Elements that are matched by allow_xpath are excepted from stripping, even if they are also matched by strip_xpath. This is useful when setting strip_xpath to strip all tags, allowing a few expections to be specified by allow_xpath.

kill_xpath = './/script | .//style | .//comment() | .//processing-instruction() | .//*[@style="display:none;"]'
strip_xpath = None
allow_xpath = None
fix_whitespace = True
process_xpaths = {}
namespaces = {'dc': 'http://purl.org/dc/elements/1.1/', 'prism': 'http://prismstandard.org/namespaces/basic/2.0/', 'rdf': 'http://www.w3.org/1999/02/22-rdf-syntax-ns', 're': 'http://exslt.org/regular-expressions', 'set': 'http://exslt.org/sets', 'xml': 'http://www.w3.org/XML/1998/namespace'}
__init__(**kwargs)[source]

Behaviour can be customized by overriding attributes in a subclass or setting them in the constructor.

Parameters:
  • kill_xpath (string) – XPath expression for tags to remove along with their contents.

  • strip_xpath (string) – XPath expression for tags to replace with their contents.

  • allow_xpath (string) – XPath expression for tags to except from strip_xpath.

  • fix_whitespace (bool) – Normalize whitespace to a single space and ensure newlines around block elements.

  • namespaces (dict) – Namespace prefixes to register for the XPaths.

clean_html(html)[source]

Apply Cleaner to HTML string or document and return a cleaned string or document.

clean_markup(markup, parser=None)[source]

Apply Cleaner to markup string or document and return a cleaned string or document.

chemdataextractor.scrape.clean.clean = <chemdataextractor.scrape.clean.Cleaner object>

A default Cleaner instance, which kills comments, processing instructions, script tags, style tags.

chemdataextractor.scrape.clean.clean_markup = <bound method Cleaner.clean_markup of <chemdataext...

Convenience function for applying clean to a string.

chemdataextractor.scrape.clean.clean_html = <bound method Cleaner.clean_html of <chemdataextra...

Convenience function for applying clean to a HTML string.

chemdataextractor.scrape.clean.strip = <chemdataextractor.scrape.clean.Cleaner object>

A Cleaner instance that is configured to strip all tags, replacing them with their text contents.

chemdataextractor.scrape.clean.strip_markup = <bound method Cleaner.clean_markup of <chemdataext...

Convenience function for applying strip to a string.

chemdataextractor.scrape.clean.strip_html = <bound method Cleaner.clean_html of <chemdataextra...

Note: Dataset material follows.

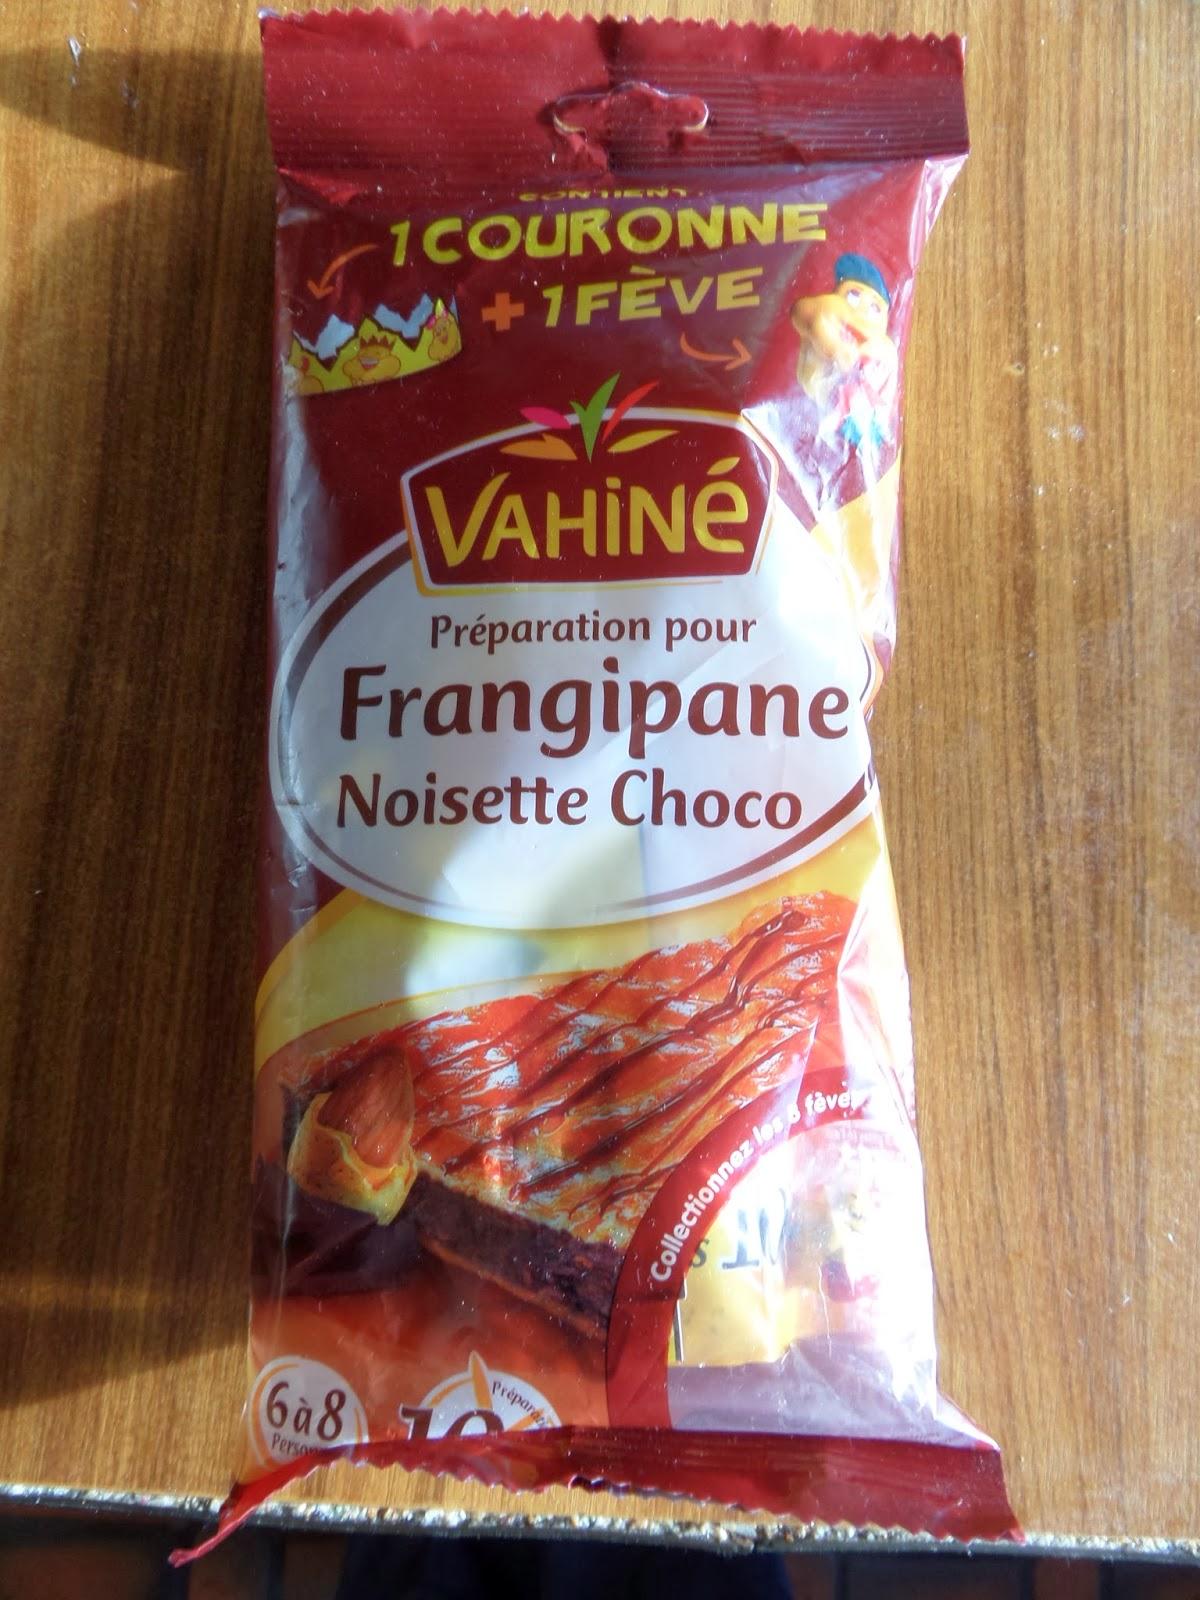 Madhouse family reviews making a french galette des rois for Decoration galette des rois frangipane

Convenience function for applying strip to a HTML string.

.scrape.csstranslator

Extend cssselect to improve handling of pseudo-elements.

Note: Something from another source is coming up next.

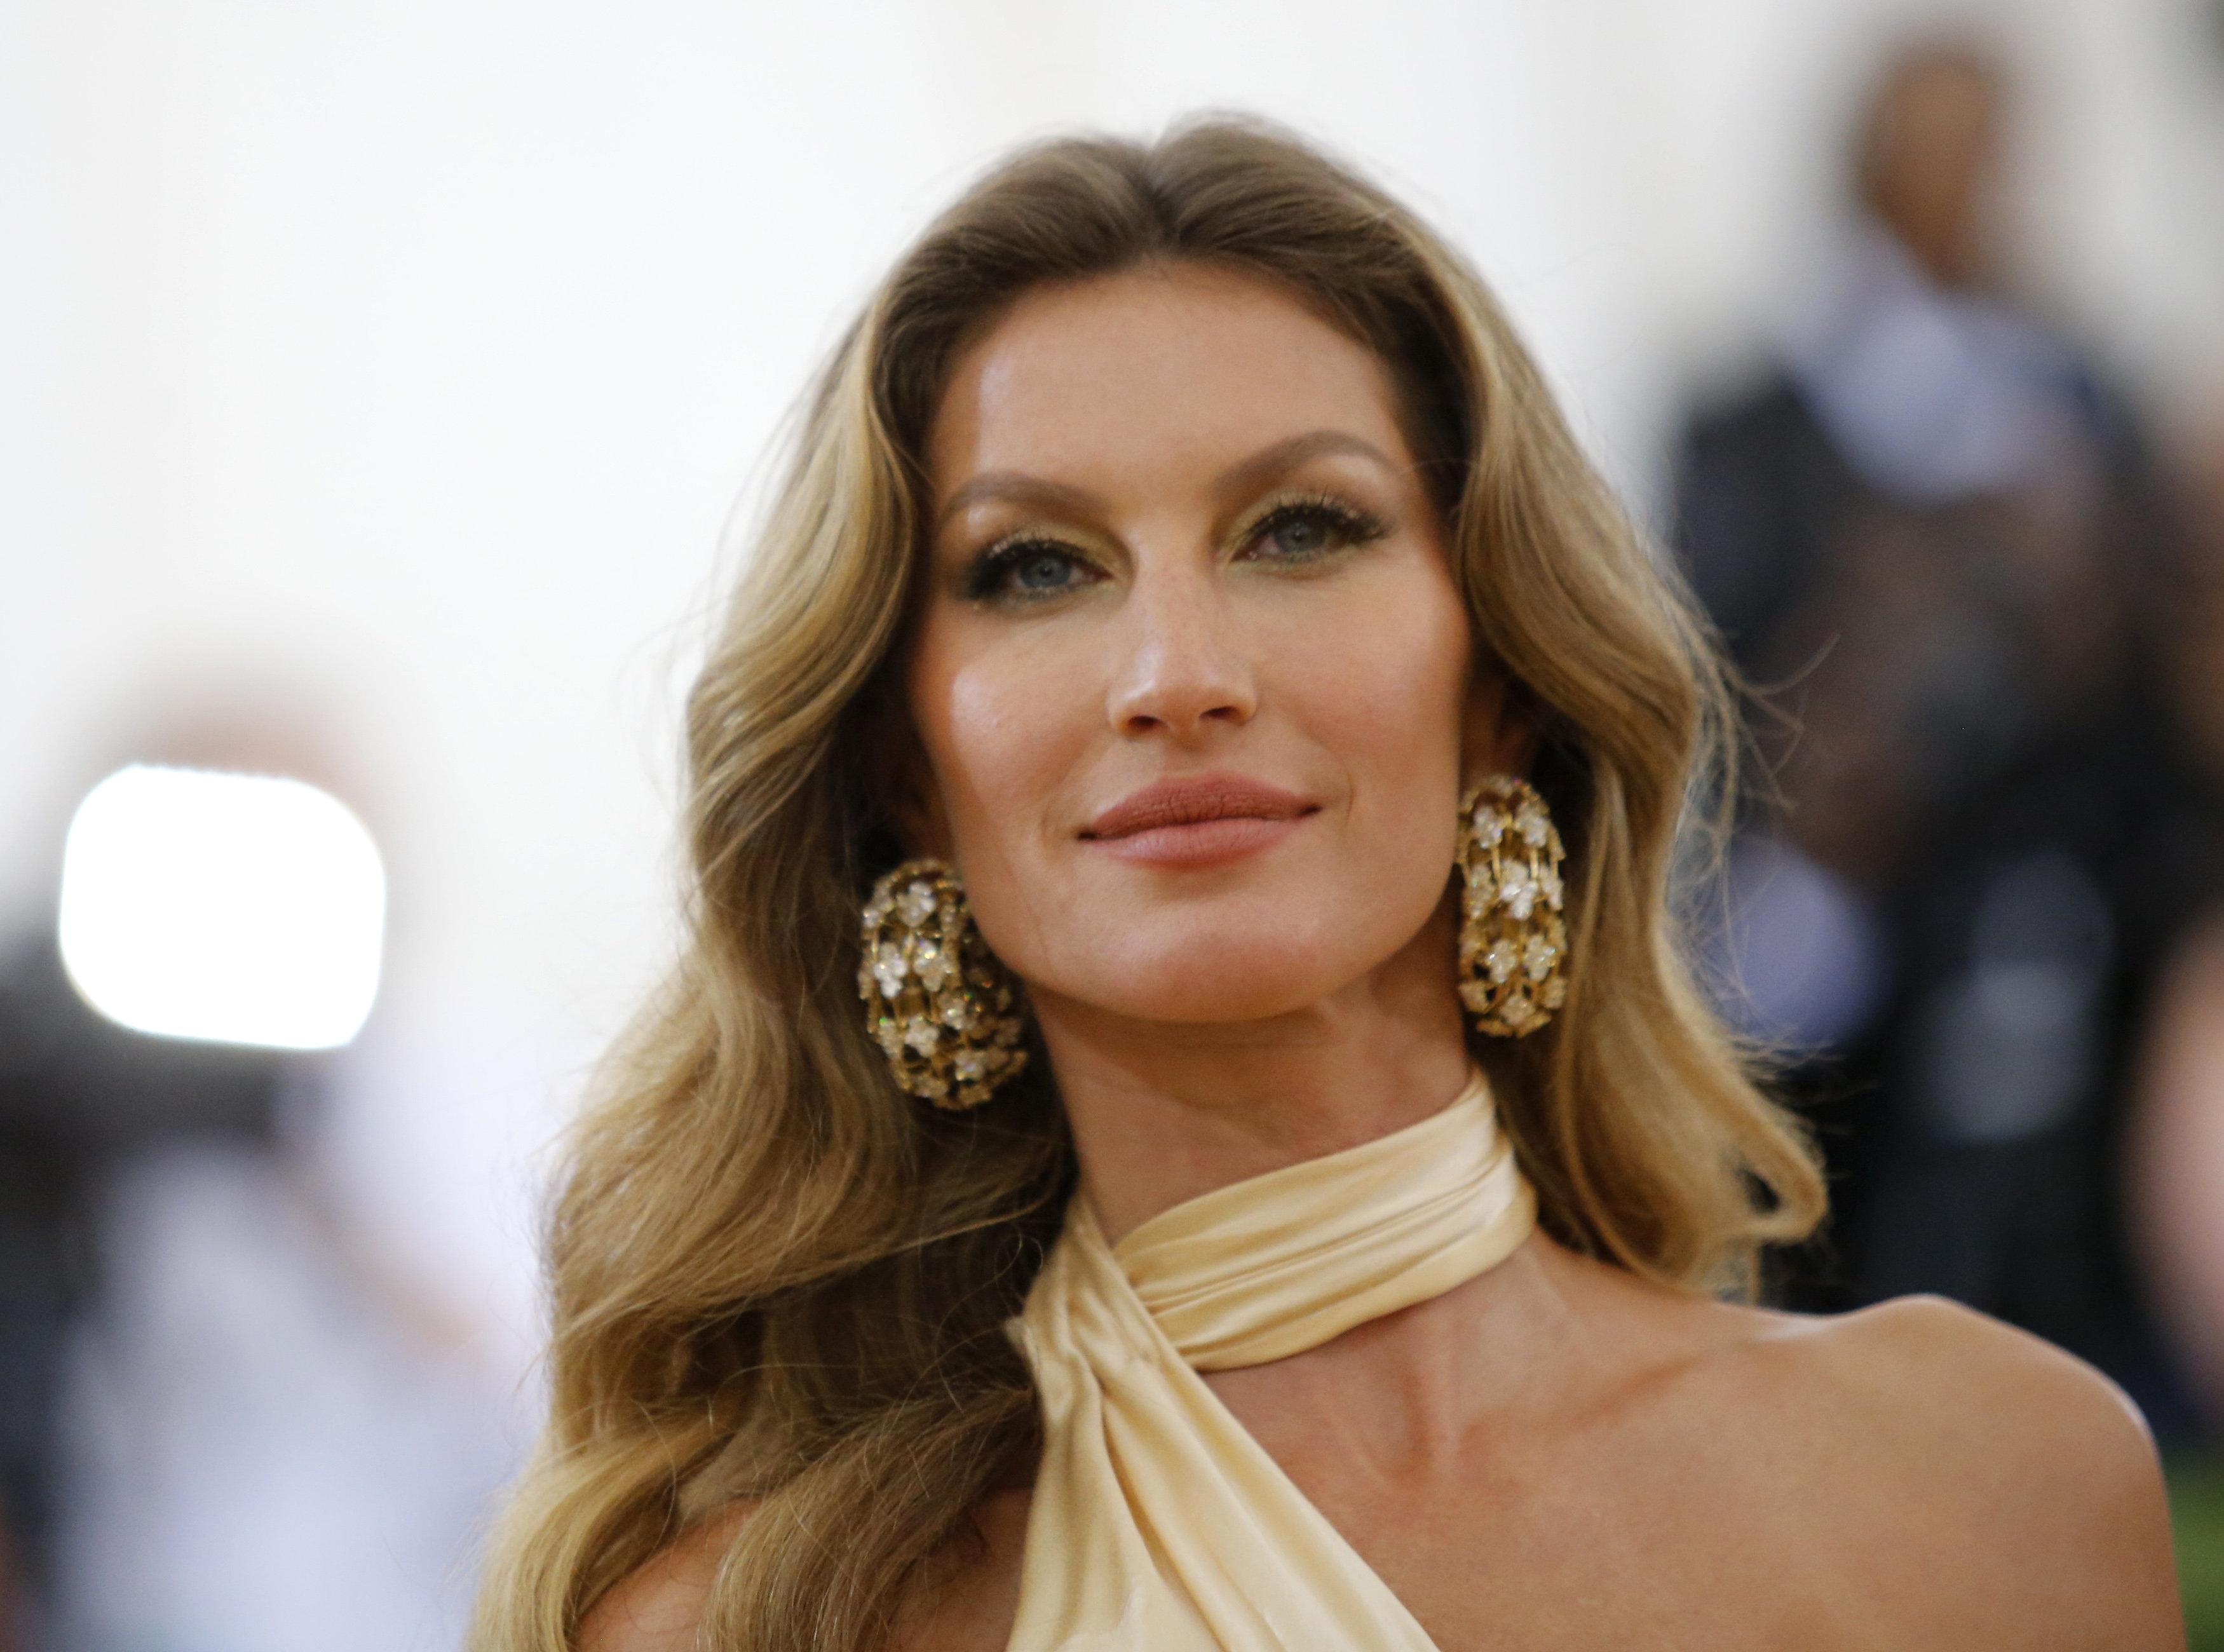 Vogue: Η συγνώμη της Gisele Bundchen για τα σχόλια προς τα νέα μοντέλα που χρησιμοποιούν το Instagram...

This is derived from csstranslator.py in the Scrapy project. The original file is available at: https://github.com/scrapy/scrapy/blob/master/scrapy/selector/csstranslator.py

The original file was released under the BSD license:

Copyright (c) Scrapy developers. All rights reserved.

Redistribution and use in source and binary forms, with or without modification, are permitted provided that the following conditions are met:

  1. Redistributions of source code must retain the above copyright notice, this list of conditions and the following disclaimer.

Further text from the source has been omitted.